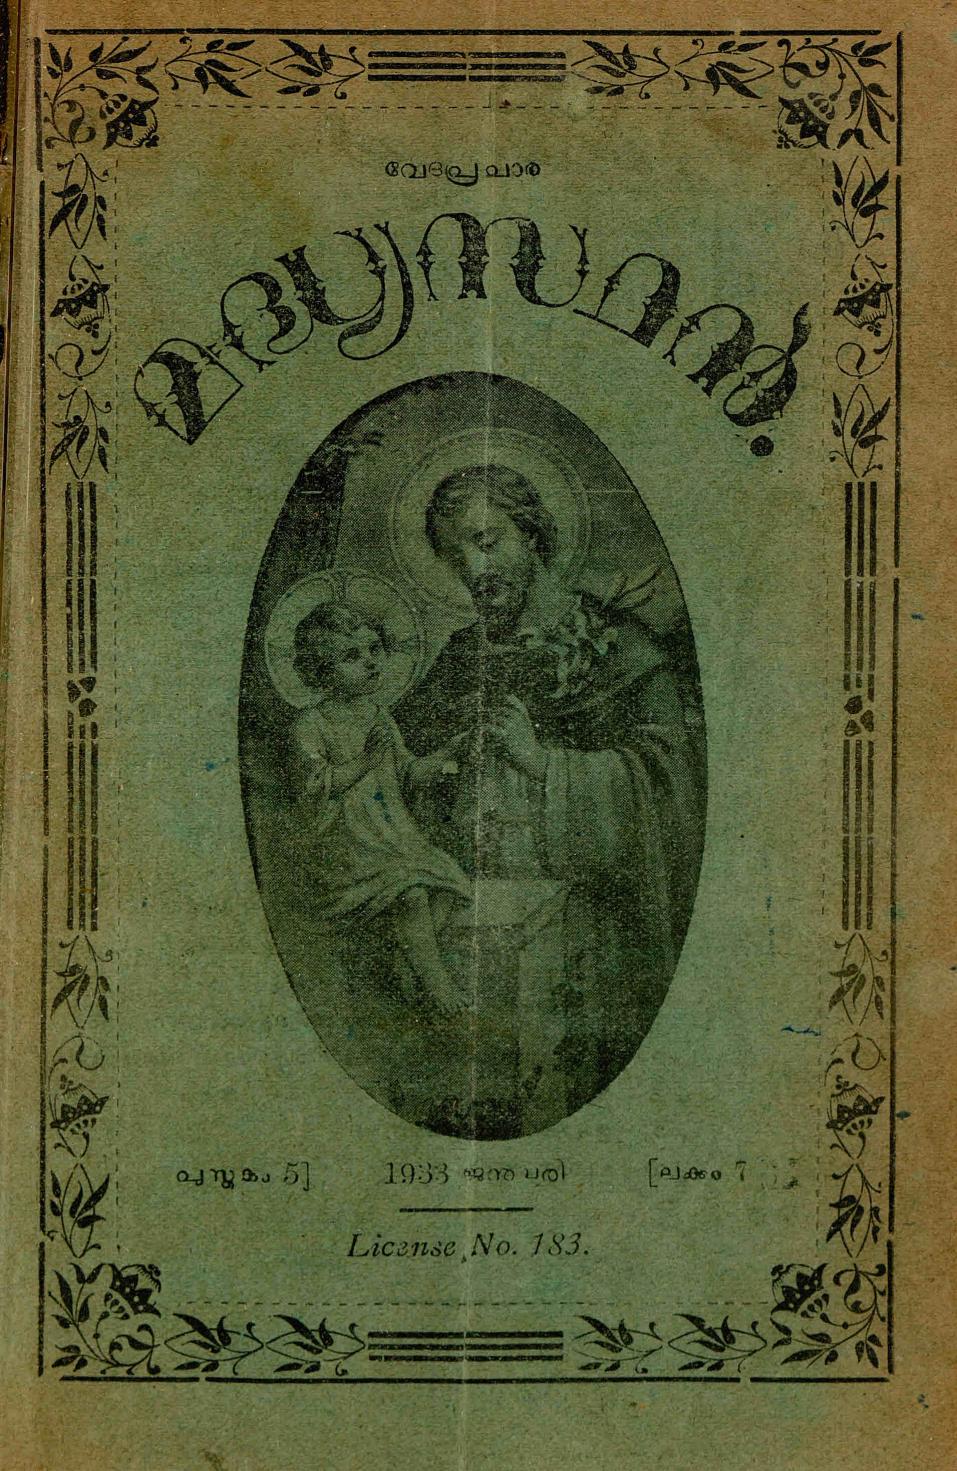 1933 – വേദപ്രചാര മദ്ധ്യസ്ഥൻ മാസികയുടെ ഏഴു ലക്കങ്ങൾ
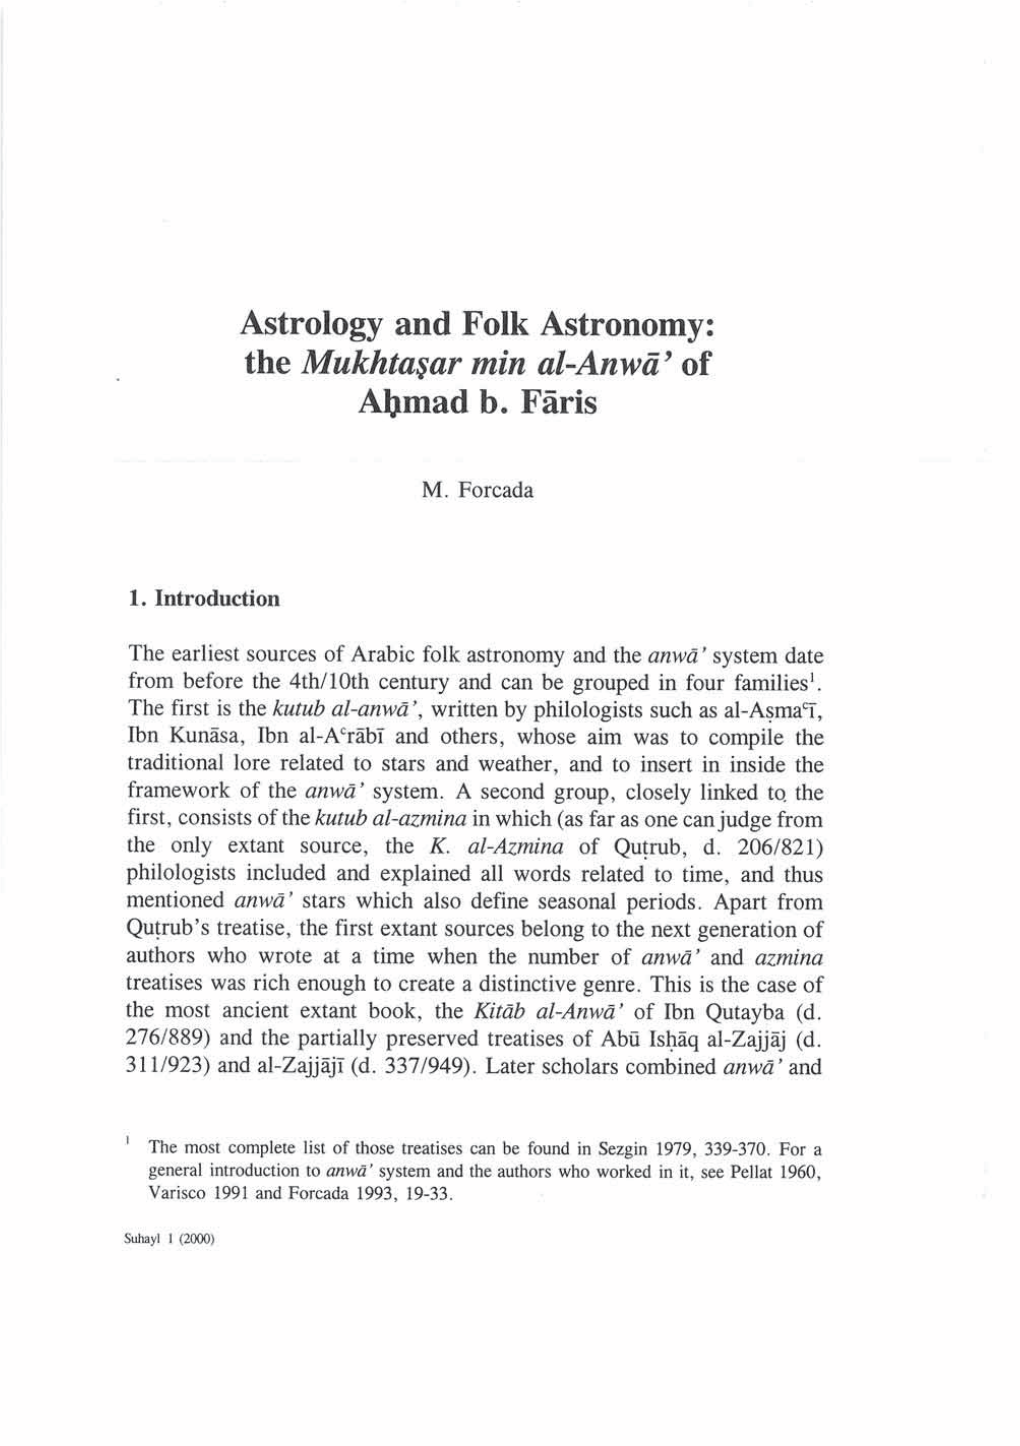 Astrology and Folk Astronorny: the Mukhta$Ar Min Al-Anwa' of Al)Rnad B
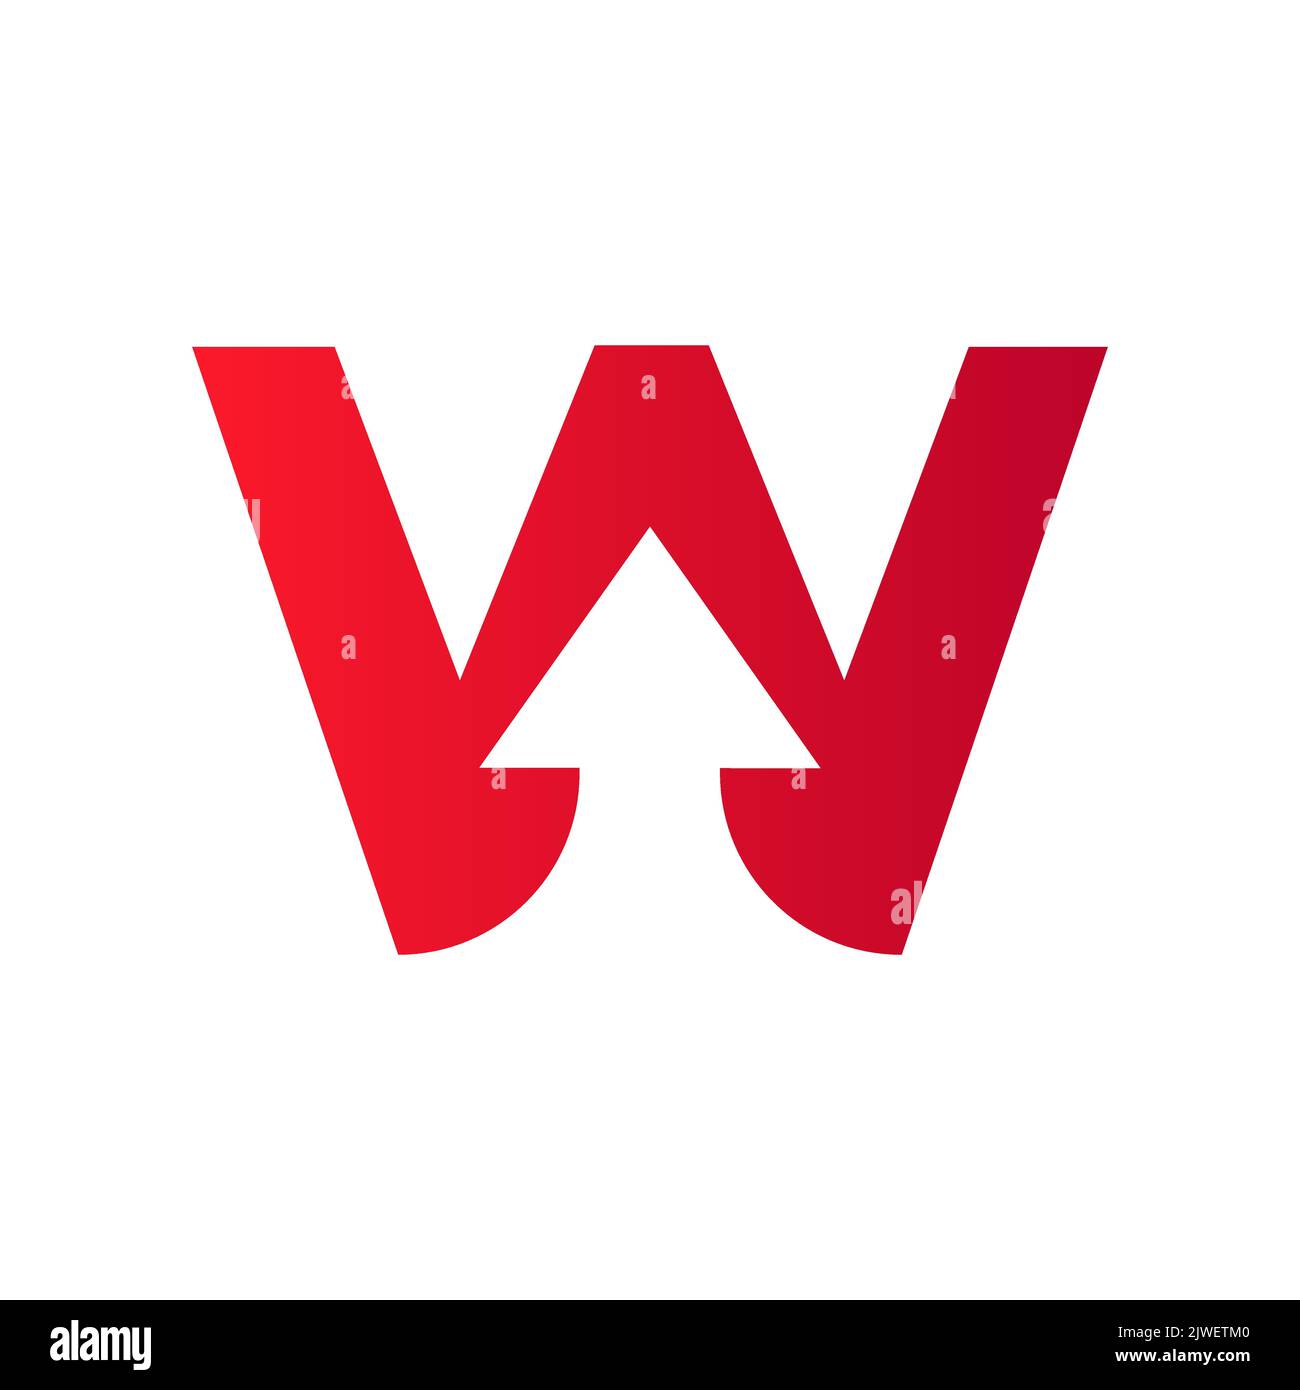 Logo financier lettre W avec flèche de croissance. Elément comptable, modèle de vecteur de symbole d'investissement financier Illustration de Vecteur
....
#### [REQUIRED ACTION]
The pictures are not wanted, but every line of the listing should be duplicated exactly.

#### [RESPONSE AREA]
 1933 – വേദപ്രചാര മദ്ധ്യസ്ഥൻ മാസികയുടെ ഏഴു ലക്കങ്ങൾ
 Astrology and Folk Astronorny: the Mukhta$Ar Min Al-Anwa' of Al)Rnad B
 Logo financier lettre W avec flèche de croissance. Elément comptable, modèle de vecteur de symbole d'investissement financier Illustration de Vecteur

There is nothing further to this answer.